Not checking slave lag because no slaves were found and --check-slave-lag was not specified.
Operation, tries, wait:
copy_rows, 10, 0.25
create_triggers, 10, 1
drop_triggers, 10, 1
swap_tables, 10, 1
update_foreign_keys, 10, 1
Altering `test`.`test`...
Creating new table...
CREATE TABLE `test`.`_test_new` (
Created new table test._test_new OK.
Altering new table...
ALTER TABLE `test`.`_test_new` add index (user_id)
Altered `test`.`_test_new` OK.
2016-02-01T18:11:48 Creating triggers...
CREATE TRIGGER `pt_osc_test_test_del` AFTER DELETE ON `test`.`test` FOR EACH ROW DELETE IGNORE FROM `test`.`_test_new` WHERE `test`.`_test_new`.`rec_id` <=> OLD.`rec_id`
CREATE TRIGGER `pt_osc_test_test_upd` AFTER UPDATE ON `test`.`test` FOR EACH ROW REPLACE INTO `test`.`_test_new` (`rec_id`, `user_id`, `goods_id`, `add_time`, `is_attention`, `wid`) VALUES (NEW.`rec_id`, NEW.`user_id`, NEW.`goods_id`, NEW.`add_time`, NEW.`is_attention`, NEW.`wid`)
CREATE TRIGGER `pt_osc_test_test_ins` AFTER INSERT ON `test`.`test` FOR EACH ROW REPLACE INTO `test`.`_test_new` (`rec_id`, `user_id`, `goods_id`, `add_time`, `is_attention`, `wid`) VALUES (NEW.`rec_id`, NEW.`user_id`, NEW.`goods_id`, NEW.`add_time`, NEW.`is_attention`, NEW.`wid`)
2016-02-01T18:11:48 Created triggers OK.
2016-02-01T18:11:48 Copying approximately 578405 rows...

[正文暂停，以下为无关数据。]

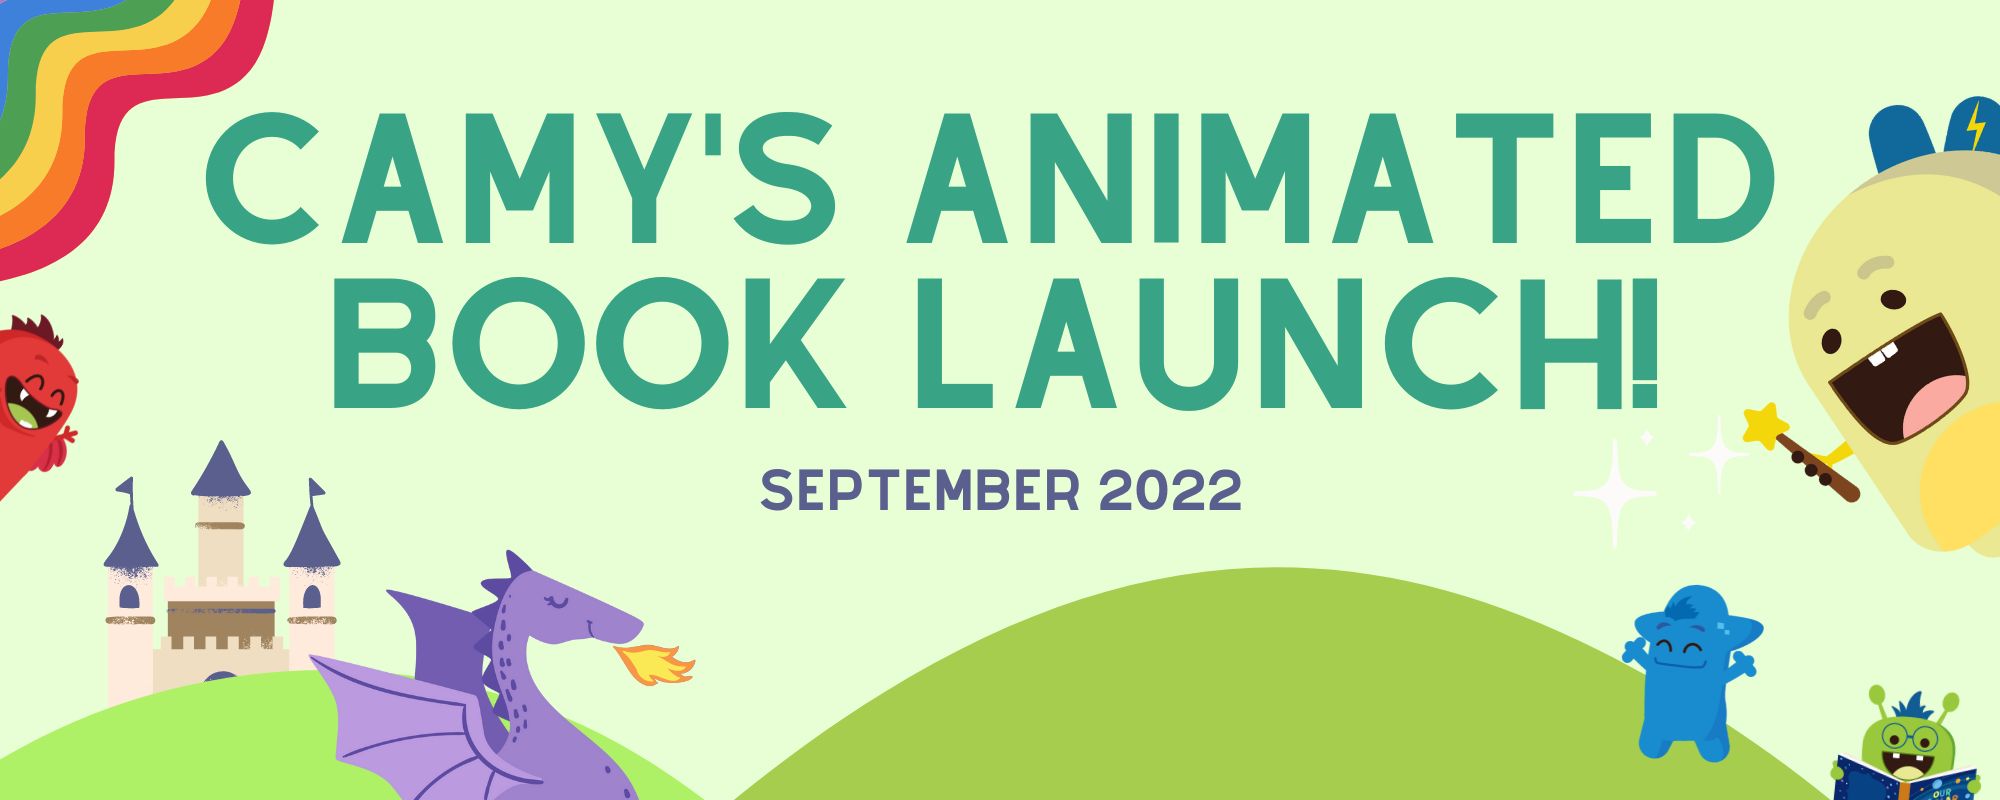 Camy’s Animated Book Launch

INSERT LOW_PRIORITY IGNORE INTO `test`.`_test_new` (`rec_id`, `user_id`, `goods_id`, `add_time`, `is_attention`, `wid`) SELECT `rec_id`, `user_id`, `goods_id`, `add_time`, `is_attention`, `wid` FROM `test`.`test` FORCE INDEX(`PRIMARY`) WHERE ((`rec_id` >= ?)) AND ((`rec_id` <= ?)) LOCK IN SHARE MODE /*pt-online-schema-change 30910 copy nibble*/
SELECT /*!40001 SQL_NO_CACHE */ `rec_id` FROM `test`.`test` FORCE INDEX(`PRIMARY`) WHERE ((`rec_id` >= ?)) ORDER BY `rec_id` LIMIT ?, 2 /*next chunk boundary*/
2016-02-01T18:12:09 Copied rows OK.
2016-02-01T18:12:09 Swapping tables...
RENAME TABLE `test`.`test` TO `test`.`_test_old`, `test`.`_test_new` TO `test`.`test`
2016-02-01T18:12:09 Swapped original and new tables OK.
2016-02-01T18:12:09 Dropping old table...

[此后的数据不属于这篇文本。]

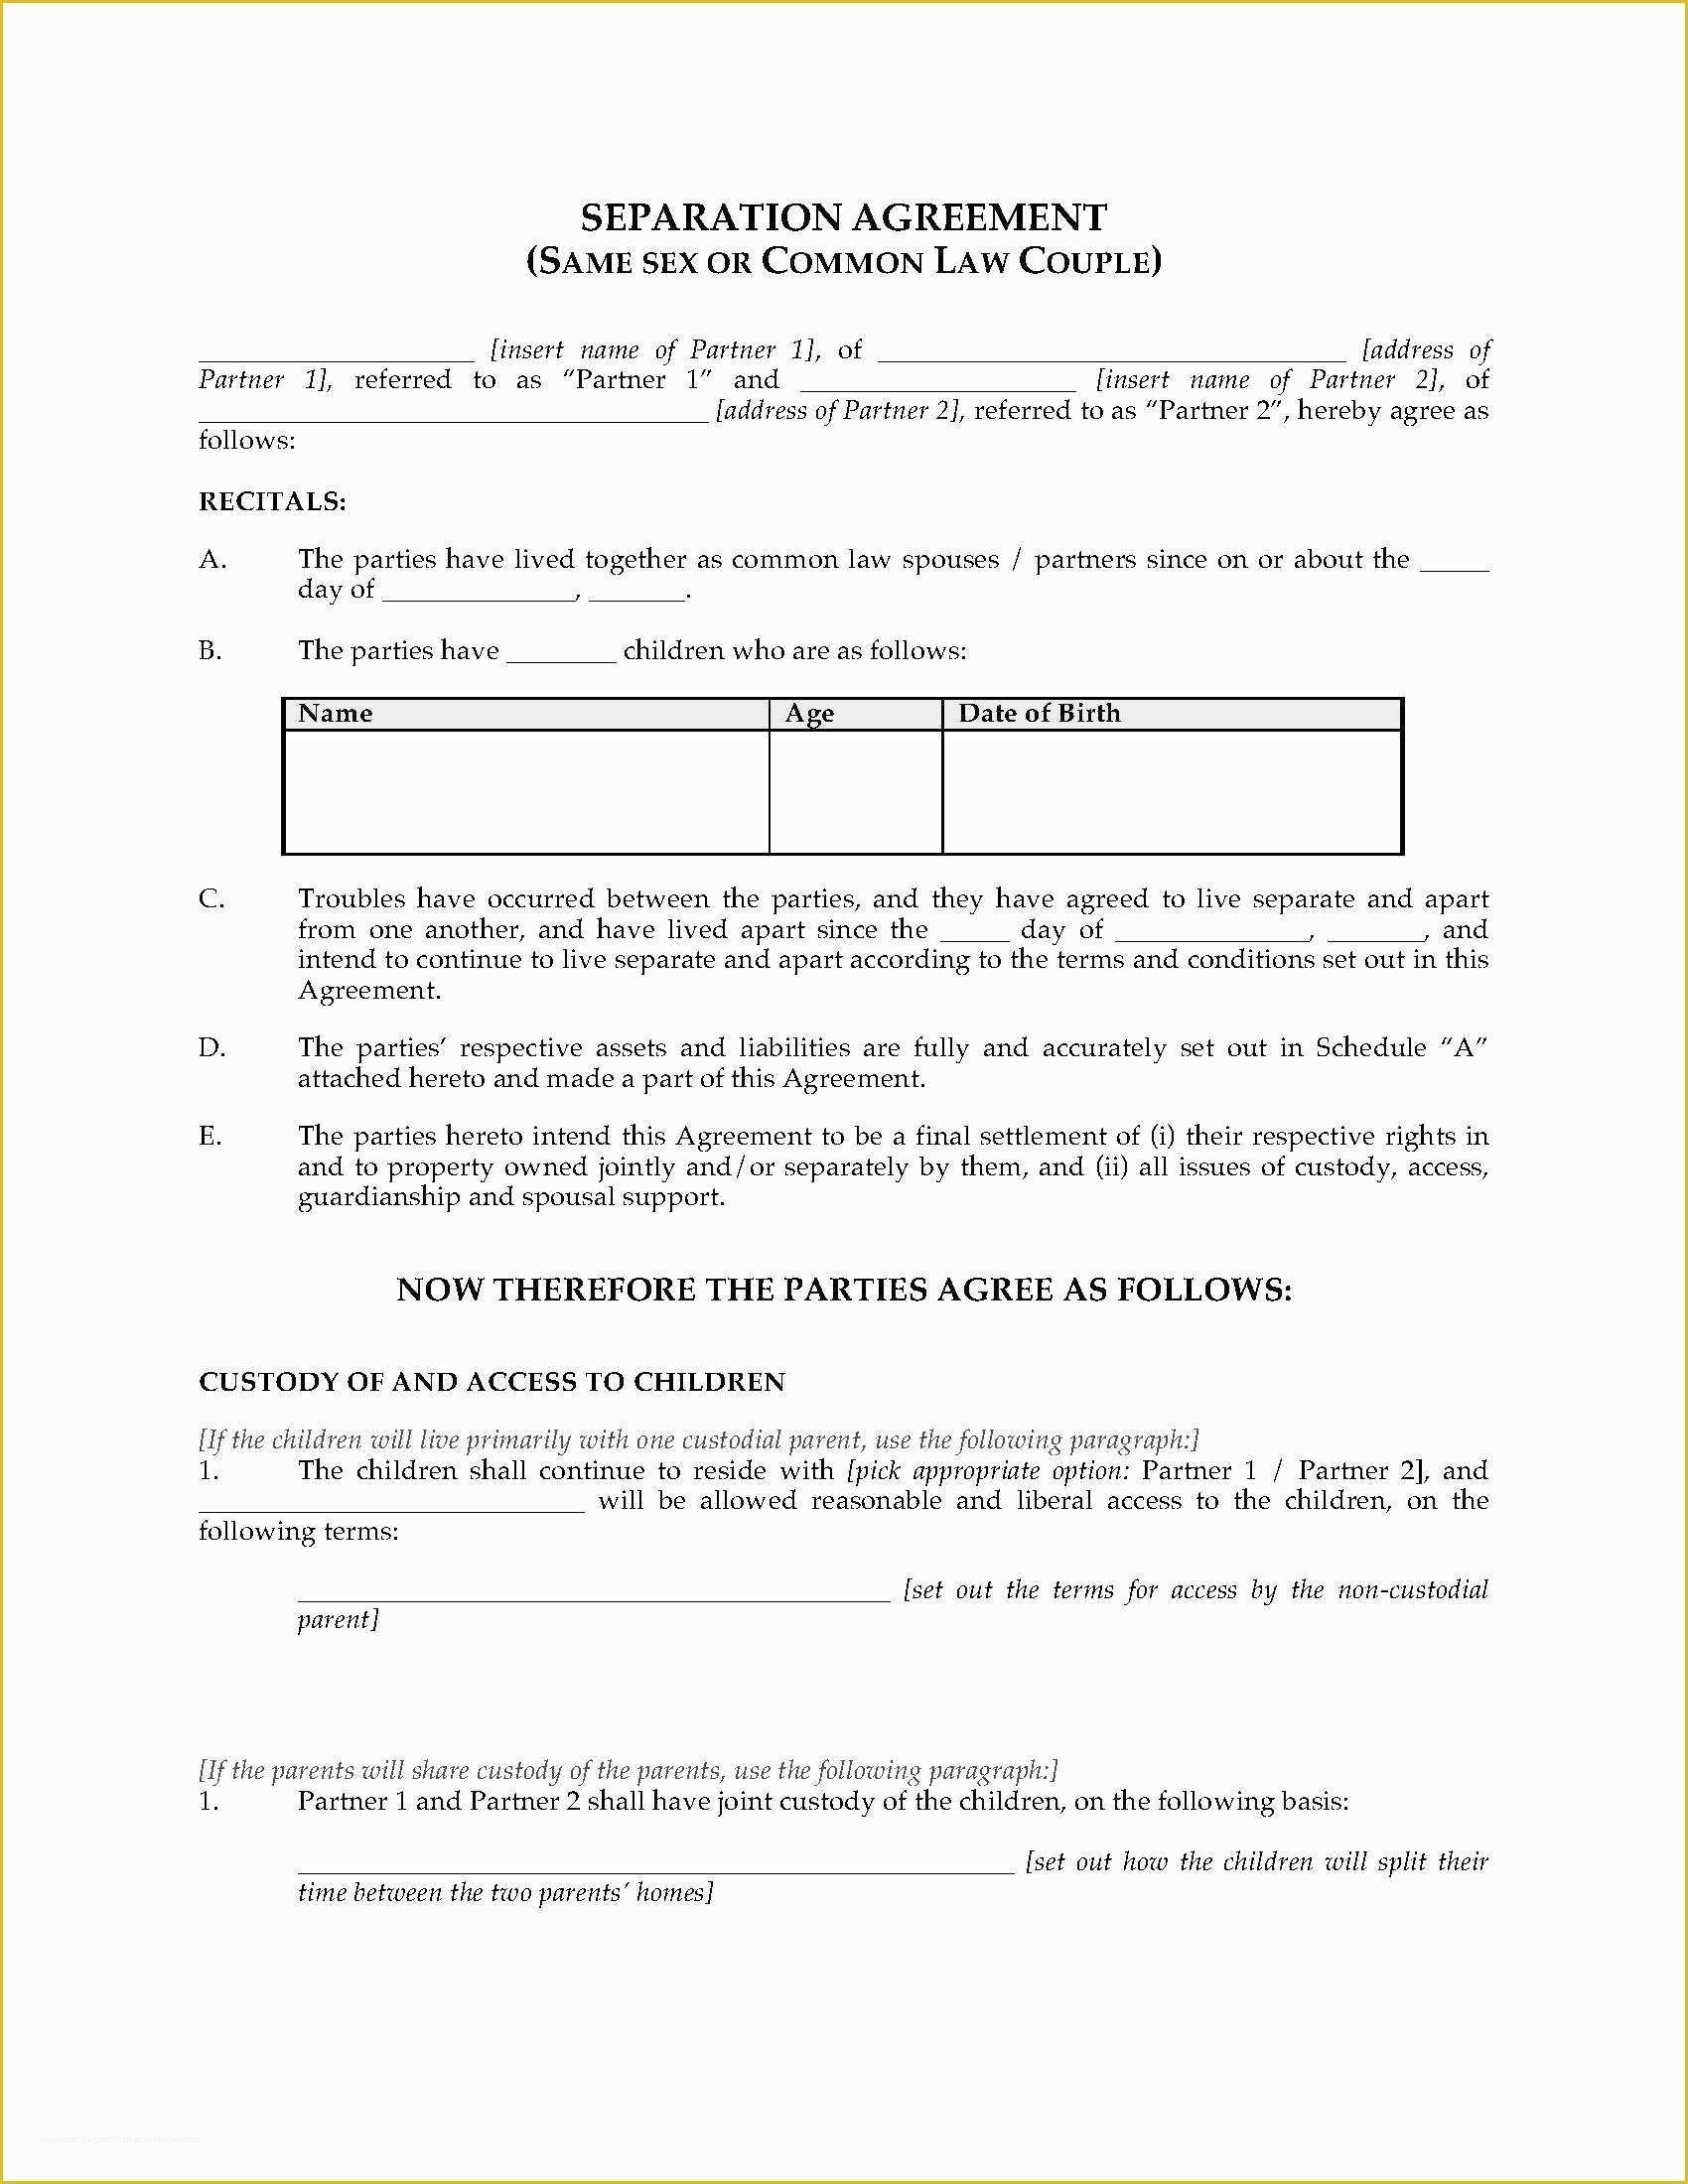 Free Separation Agreement Template Of Mon Law Separation Agreement Template Tario

DROP TABLE IF EXISTS `test`.`_test_old`
2016-02-01T18:12:09 Dropped old table `test`.`_test_old` OK.
2016-02-01T18:12:09 Dropping triggers...
DROP TRIGGER IF EXISTS `test`.`pt_osc_test_test_del`;
DROP TRIGGER IF EXISTS `test`.`pt_osc_test_test_upd`;
DROP TRIGGER IF EXISTS `test`.`pt_osc_test_test_ins`;
2016-02-01T18:12:09 Dropped triggers OK.
Successfully altered `test`.`test`.
在建索引的过程中,pt-osc会新将原表的数据拷贝到一张临时表里面,创建三个存储过程来同步有变更的数据,先在临时表上面加索引,加完索引后再将临时表rename。
其实如果可以尽量只写主库不写从库,这样可以避免很多坑。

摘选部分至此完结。